# DATASET SECTION:

----------------------------------------

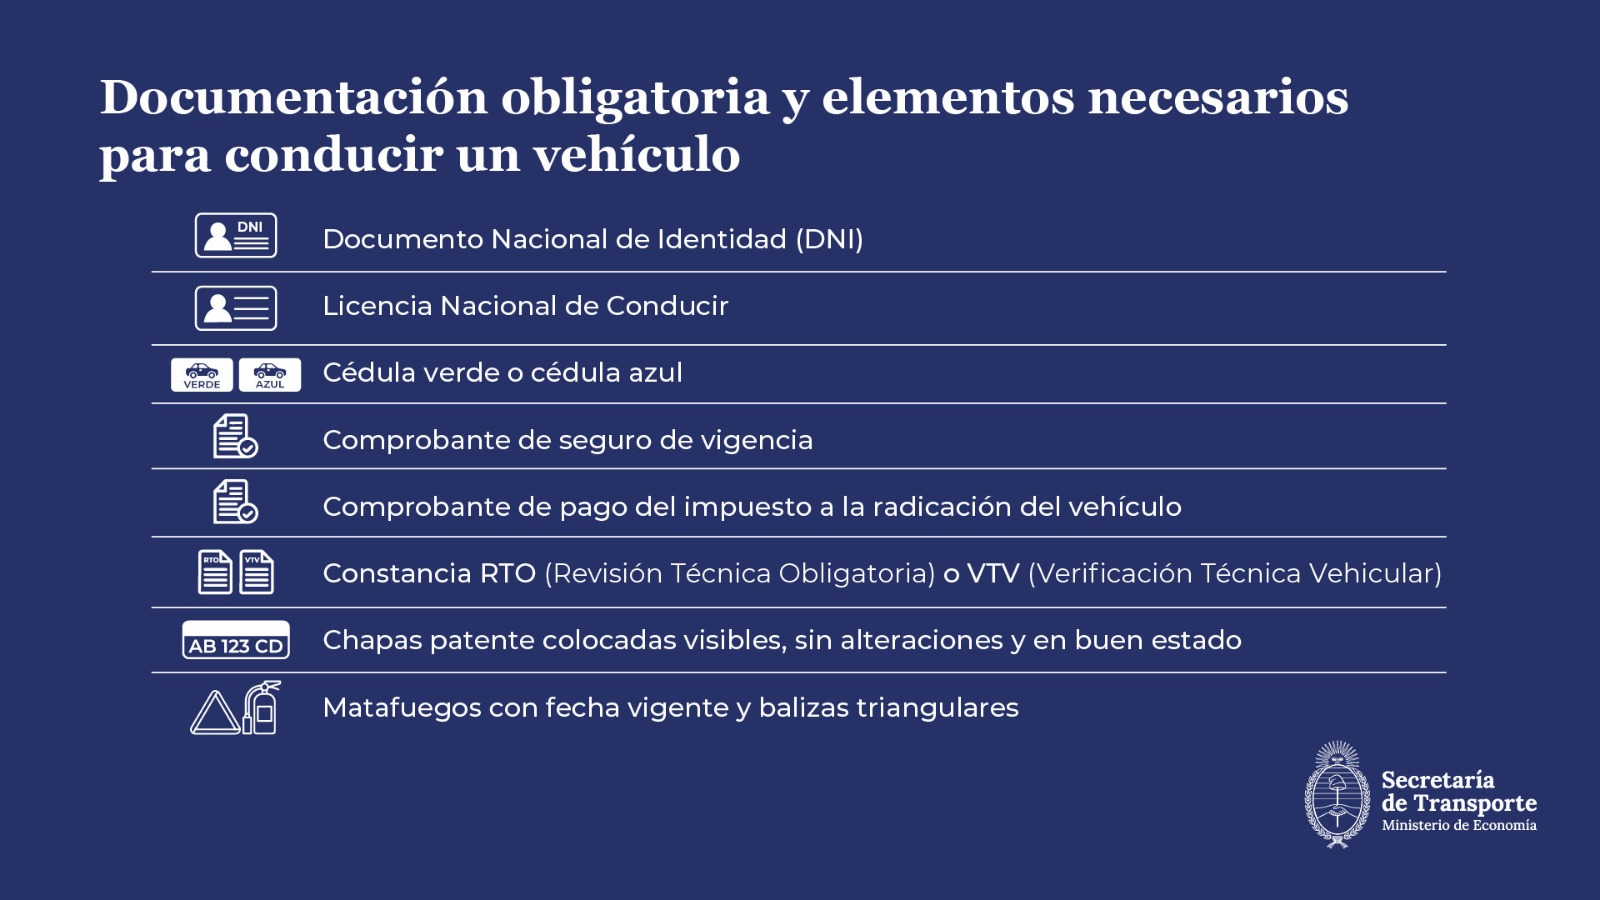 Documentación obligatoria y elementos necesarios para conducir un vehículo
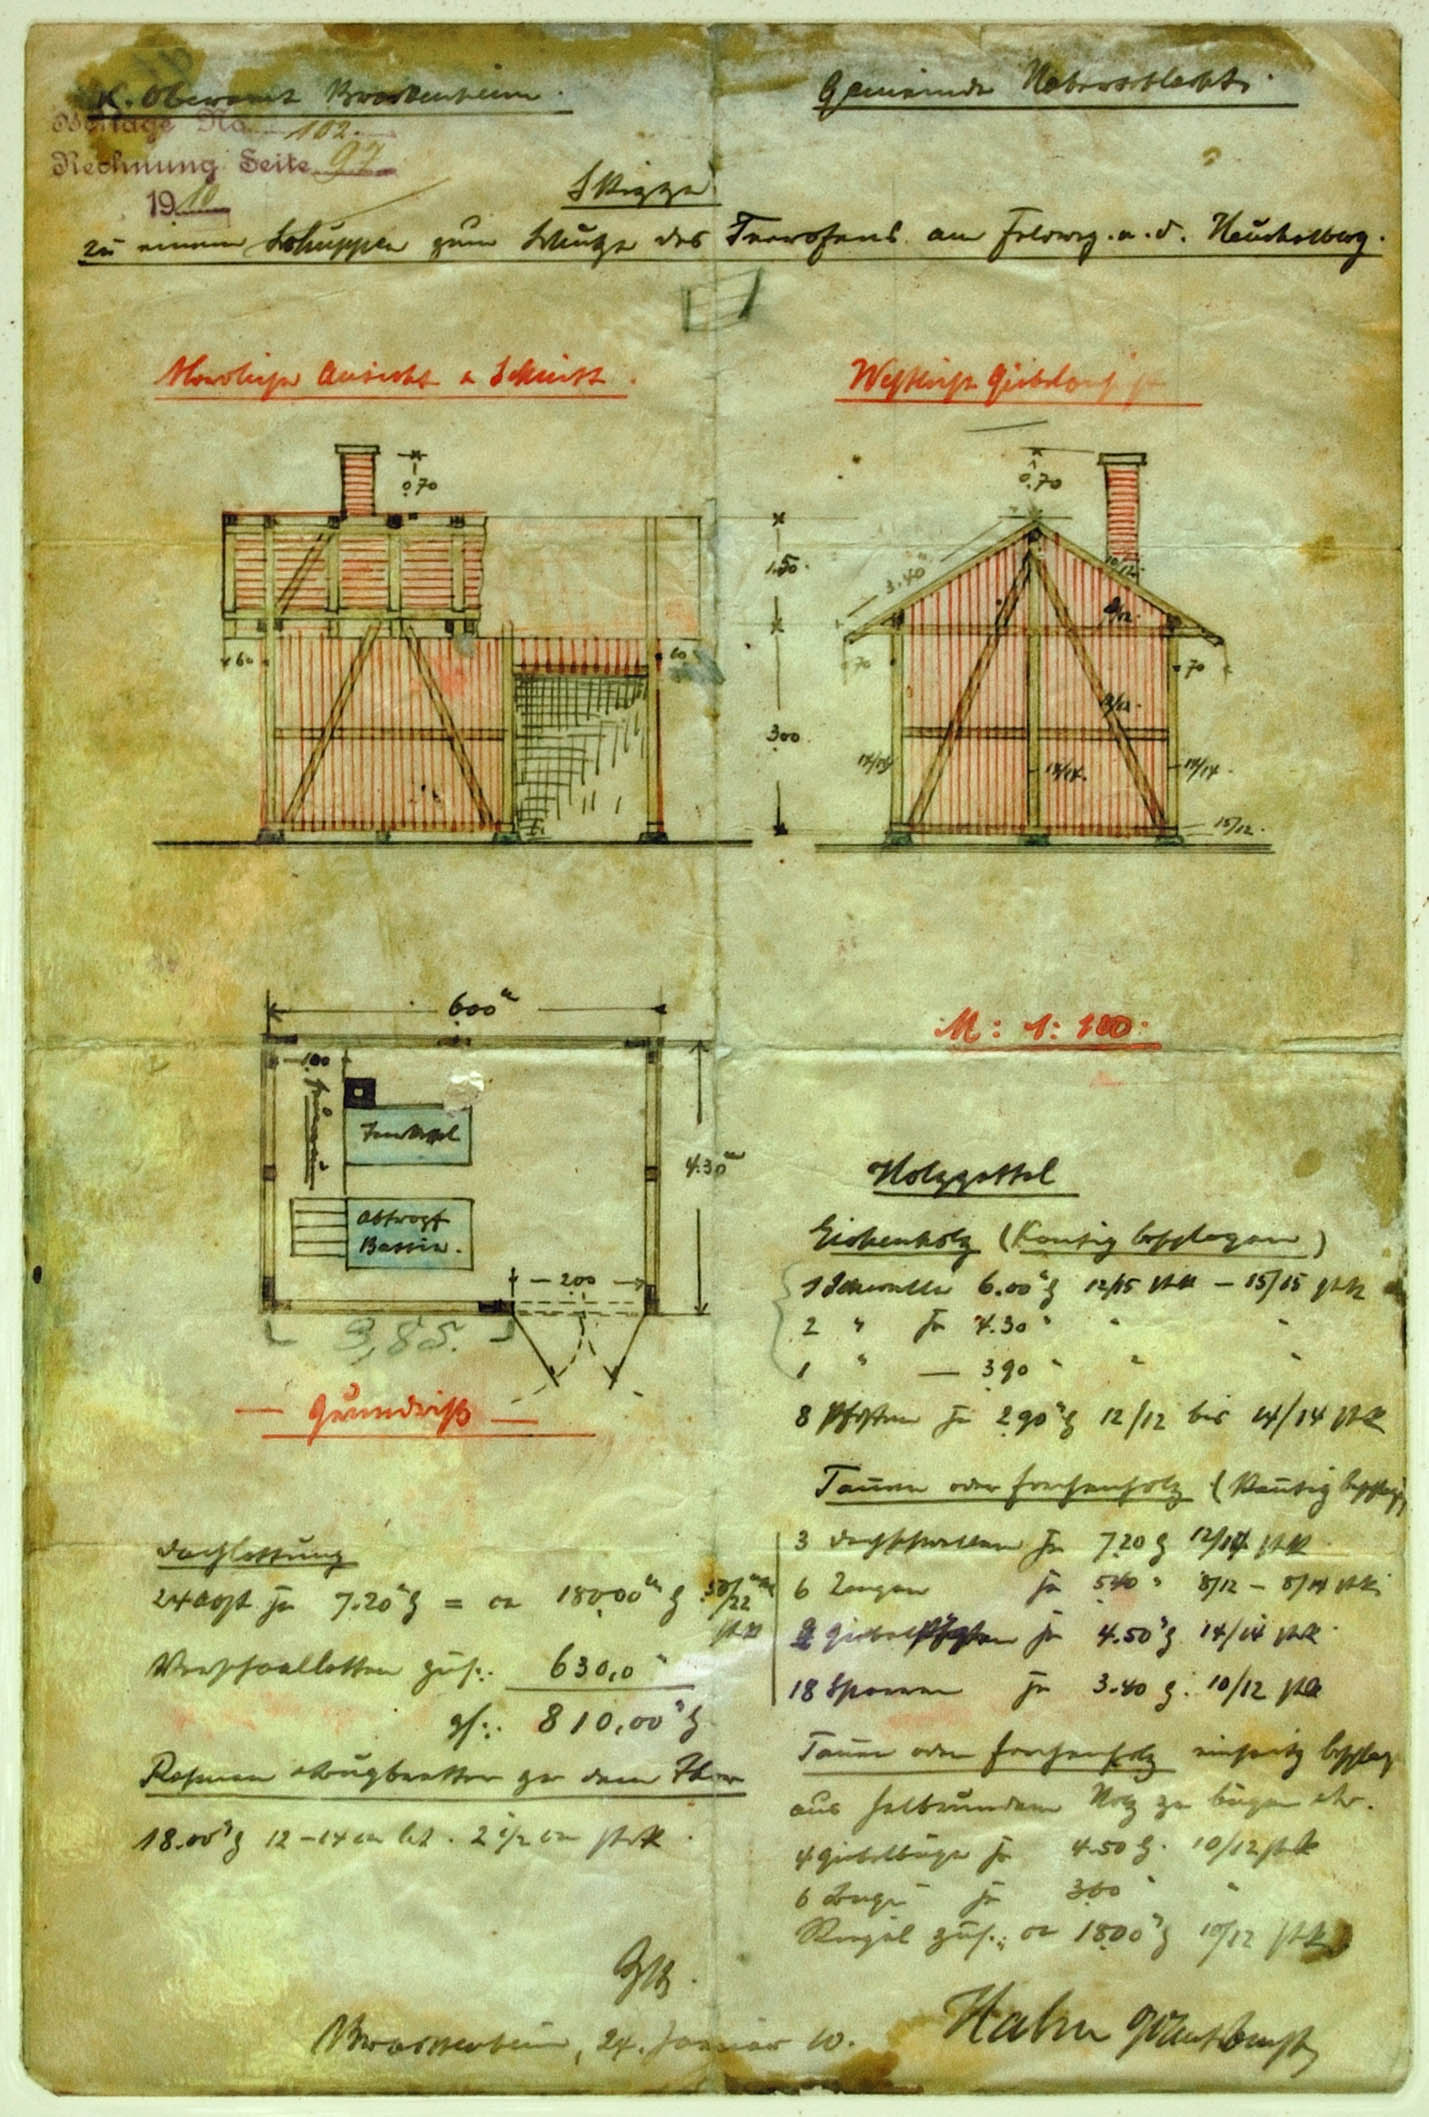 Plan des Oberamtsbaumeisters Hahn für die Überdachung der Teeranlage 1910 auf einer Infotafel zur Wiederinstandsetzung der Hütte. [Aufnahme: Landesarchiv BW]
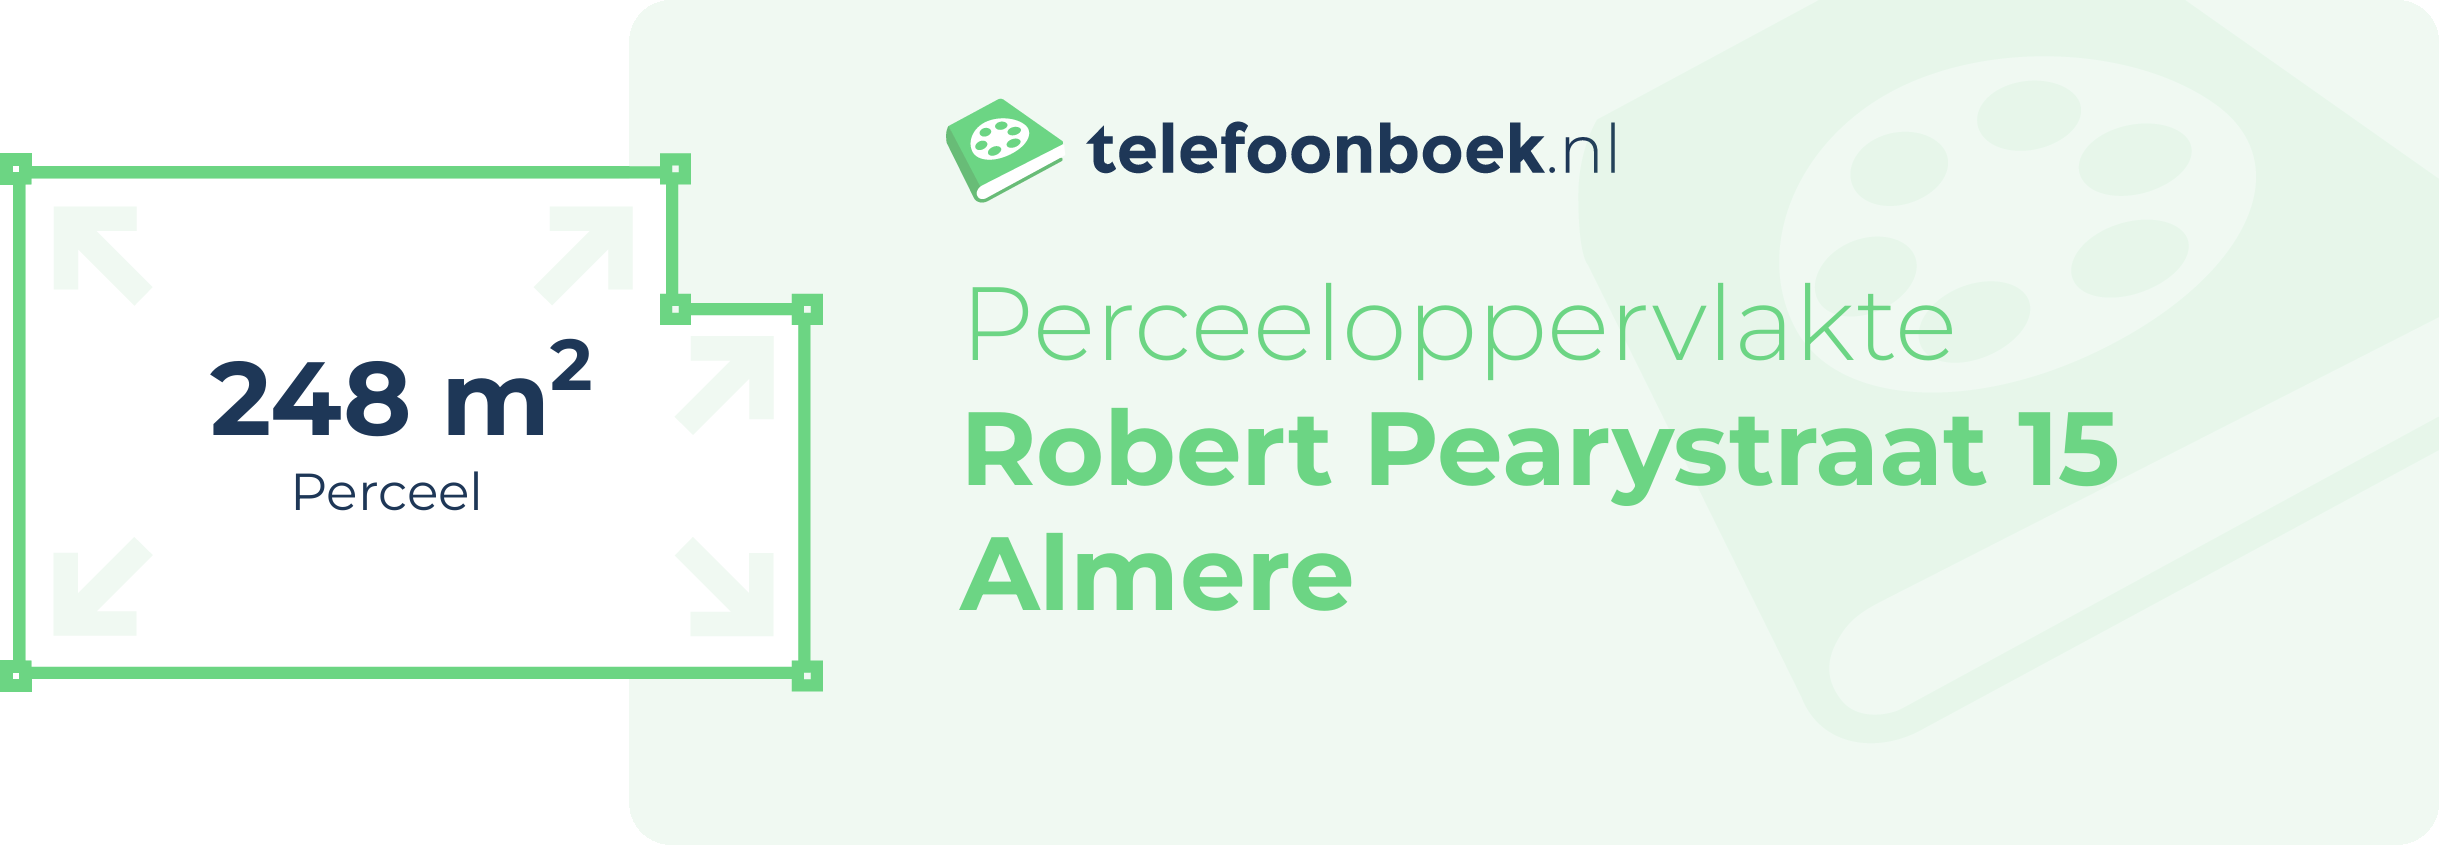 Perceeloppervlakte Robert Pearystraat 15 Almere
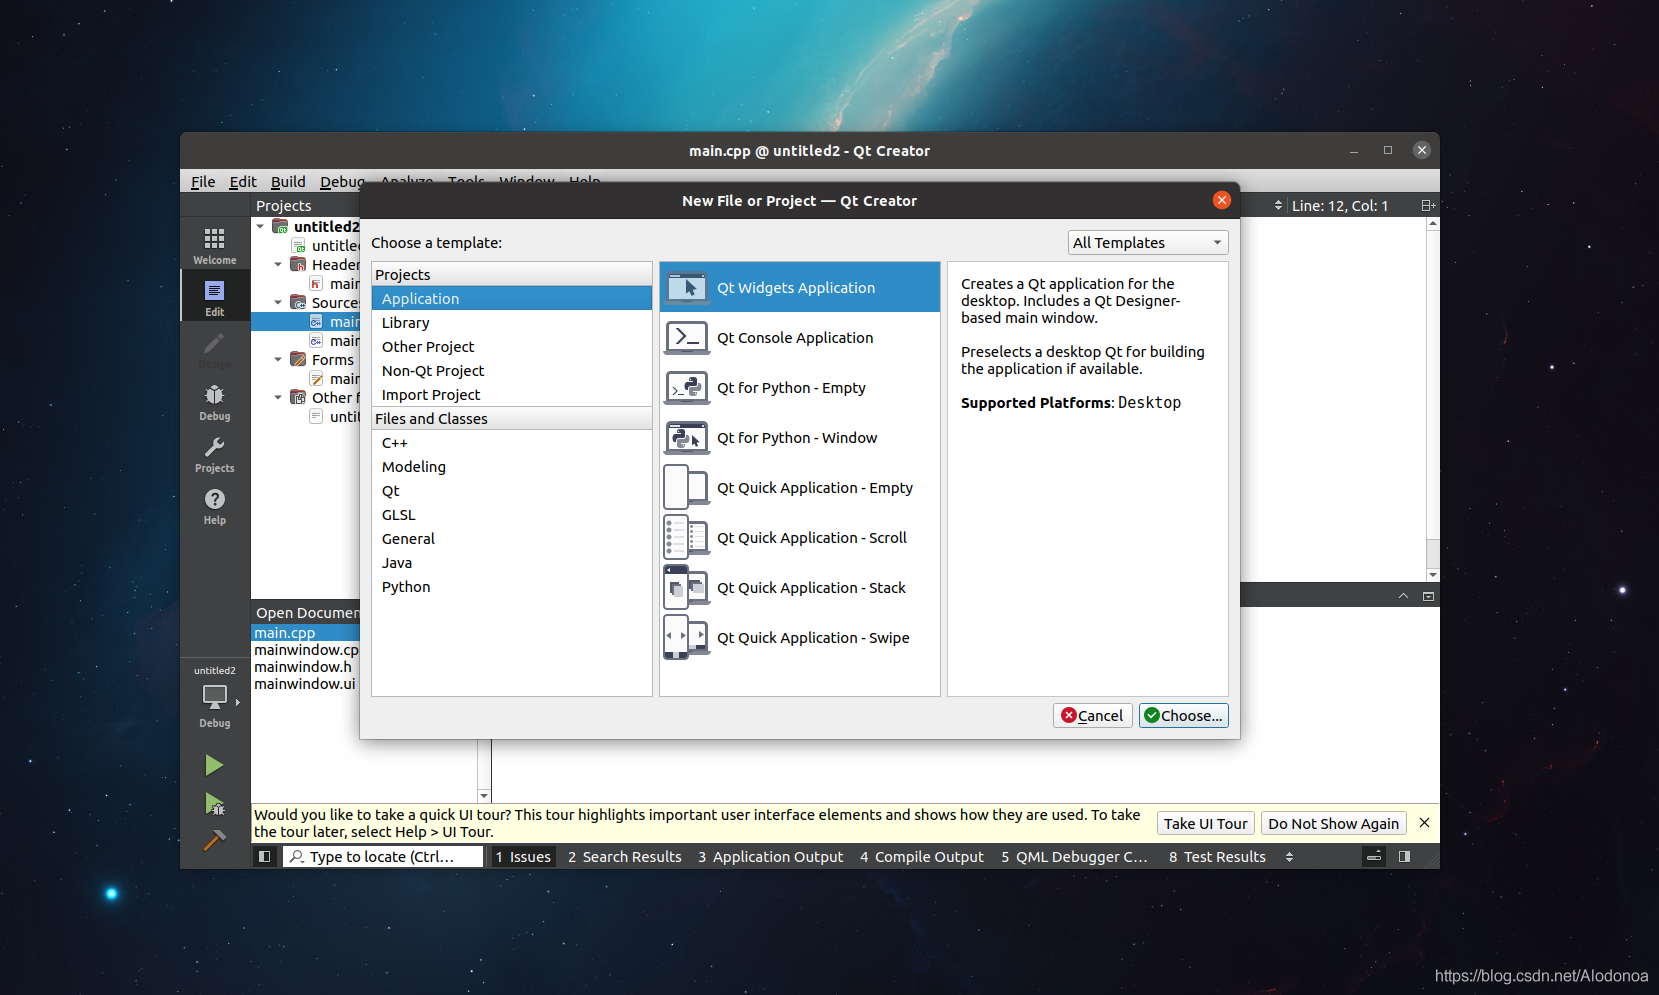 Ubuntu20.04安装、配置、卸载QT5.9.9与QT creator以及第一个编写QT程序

----------------------------------------

# PROBLEM REQUIREMENTS:
Above is a listing with pictures. Write it out exactly without them.

# RESULT OF THIS TASK:
 Documentación obligatoria y elementos necesarios para conducir un vehículo
 Plan des Oberamtsbaumeisters Hahn für die Überdachung der Teeranlage 1910 auf einer Infotafel zur Wiederinstandsetzung der Hütte. [Aufnahme: Landesarchiv BW]
 Perceeloppervlakte Robert Pearystraat 15 Almere
 Ubuntu20.04安装、配置、卸载QT5.9.9与QT creator以及第一个编写QT程序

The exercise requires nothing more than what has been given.